The early inhabitants of Manitoulin Island called the community at the entrance to South Bay Sagradawawong, meaning “The Outlet,” and the current name of South Baymouth continues to indicate the strategic location of the village. The first Europeans to settle at South Baymouth were fishermen James Ritchie and Val Wilman, who relocated from nearby Walker’s Point in the 1870s, and the village’s first public building was a church built in 1889 that doubled as a school and served both Anglican and Presbyterian congregations. The fishermen at South Baymouth salted their catch and shipped it out of Kilarney to the Buffalo Fish Company until 1879, when the company started to market fresh fish and contracted with Ritchie and Wilman to build a dock and icehouse at South Baymouth. As the settlement at Michael’s Bay declined, South Baymouth became the main port on the Manitou Island’s south shore.
The Department of Marine established a pair of range lights at South Baymouth in 1898 and provided the following description of them in its annual report of that year:
Two range lights were built and put in operation in September last at South Baymouth, to lead into the entrance to South Bay or Manitoulin Gulf, on the south-east shore of Manitoulin Island, replacing temporary pole lights privately maintained since September, 1897, by Capt. A. Macauley, master of the steamer “J. H. Jones.”The front range light building stands upon the south-east end of a bare limestone island lying on the north side of the mouth of the bay, and is a square wooden tower, with sloping sides, surmounted by a square wooden lantern, the whole painted white. The tower is 28 feet high from the ground to the vane of the lantern.
The light is a fixed white light, elevated 28 feet above the level of the lake, and visible ten miles from all points of approach by water. The illuminating apparatus is dioptric, of the seventh order.
The back range light building stands upon the main land of Manitoulin Island, in the woods behind the village of South Baymouth, 772 feet N. 28° E. from the front tower. It is similar to the front tower, but is 40 feet high. The light is a fixed white catoptric light, elevated 46 feet above the level of the lake, and should be visible twelve miles in, and over a small arc on each side of the line of range.
The work of construction was done by Mr. J. Candlish Kennedy, of Owen Sound, whose contract price was $927. The total expenditure in connection with the construction and establishment of this station is $1,067.09.
James Ritchie tended the range lights from 1898 to 1903, when John A. Ritchie, his cousin, took charge of the lights. As John A. Ritchie grew older, his daughter Pearl helped care for the range lights, and after she married Henry B. Chisholm, he became the official keeper. As a veteran of World War I and now a relative of the former keeper, Chisholm was a shoe-in for the job.

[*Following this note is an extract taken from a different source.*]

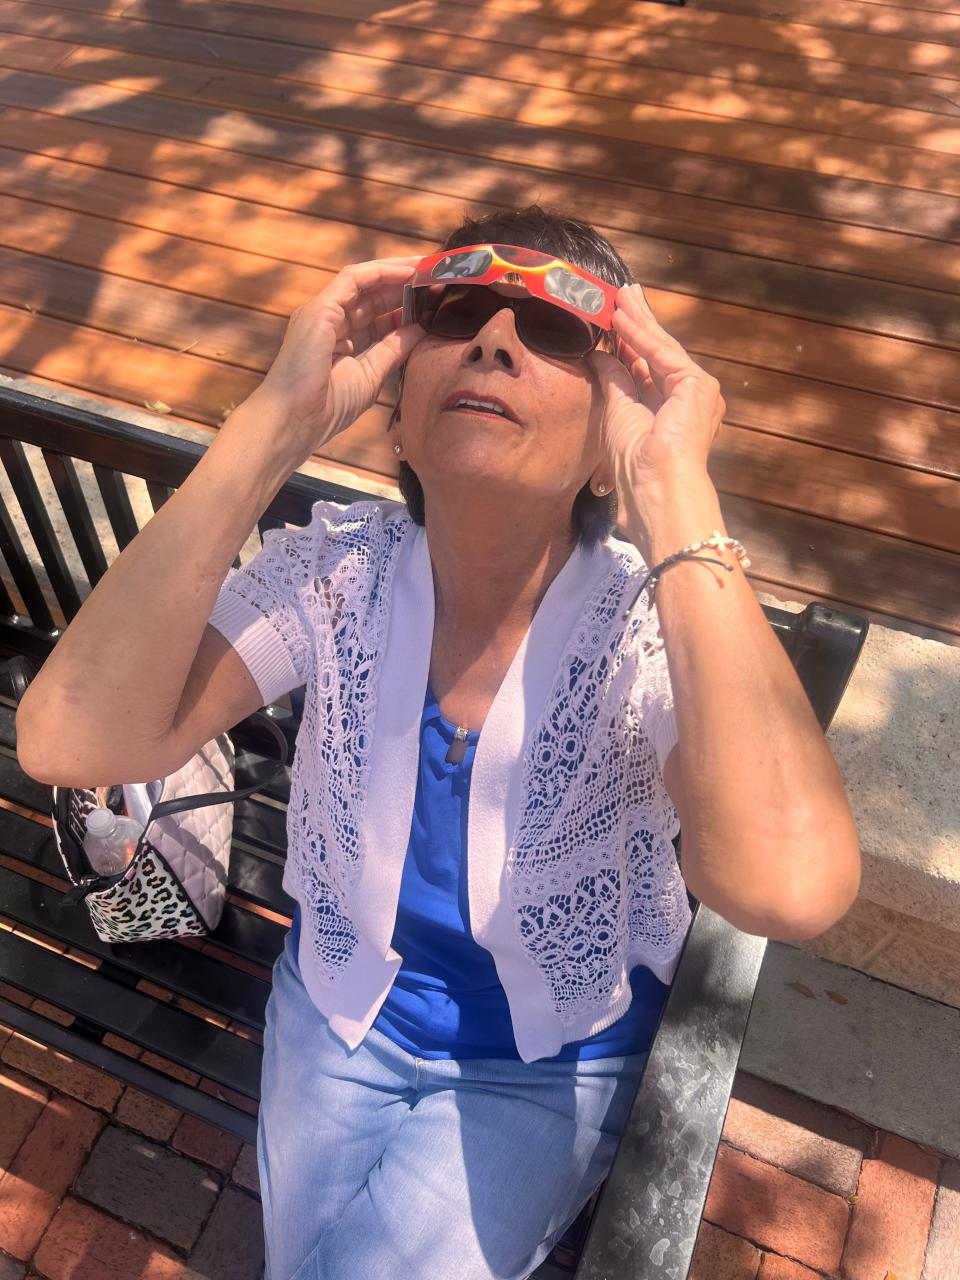 "Wow. I have never seen this before." Anita Mazella, of Melbourne as she looks up at the eclipse.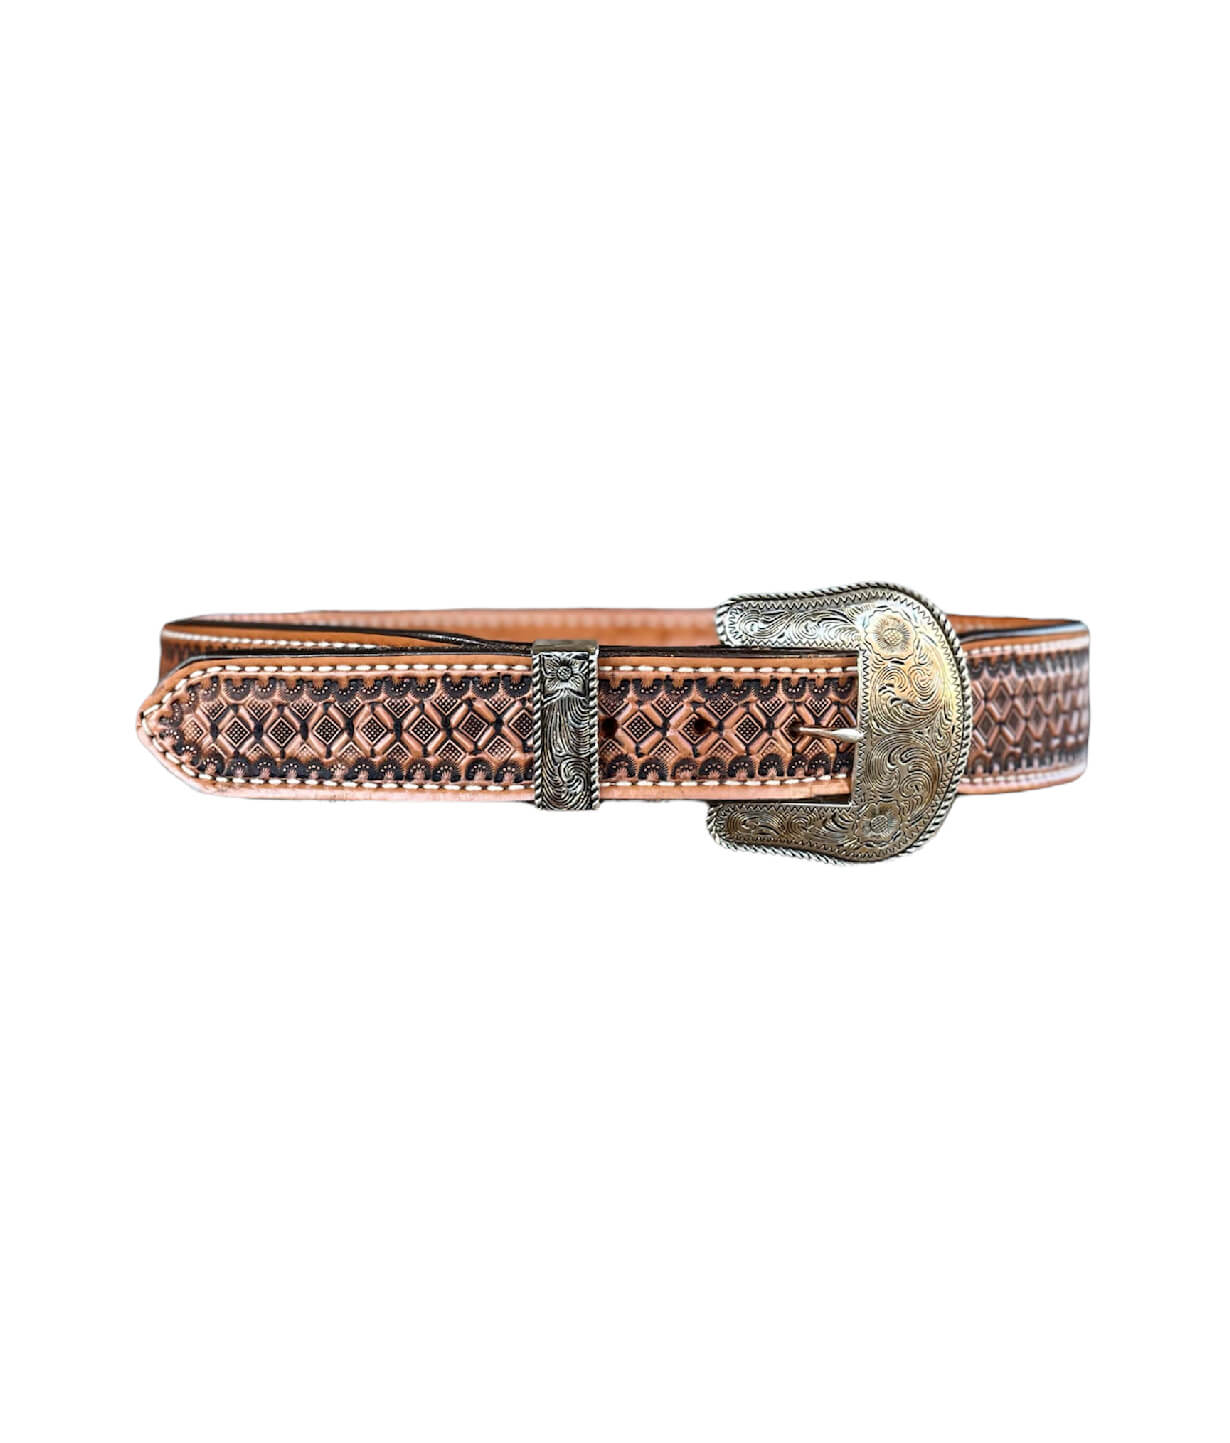 This is our TAPERED golden leather belt with waffle tooling and an antique finish. It comes with a silver belt buckle and silver belt loop.

Henry Chisholm enlisted with the 119th Battalion in 1916 at the age of twenty-one and was injured in France while serving as an engineer with the Canadian Expeditionary Forces. Henry was awarded the Military Medal for Bravery and returned to South Baymouth following the Armistice. After Henry’s death in February 1958, his brother-in-law Leonard Leeson cared for the range lights until they were automated.
In 2012, Dave Thompson, a self-described eBay sniper, notified the Tekummah Township that Henry Chisholm’s World War I medal was being sold on the online auction site. This fact was advertised in The Manitoulin Expositer, and the community was able to raise enough funds to allow Thompson, who has made a hobby out of repatriating war medals to families and communities, to purchase the medal from a seller in Indiana for $735. Visitors to South Baymouth can now view the medal at the Little Schoolhouse and Museum.
Head Keepers: James Ritchie (1898 – 1903), John A. Ritchie (1903 – at least 1923), Henry B. Chisholm ( - 1957), Leonard Leeson (1957 - ).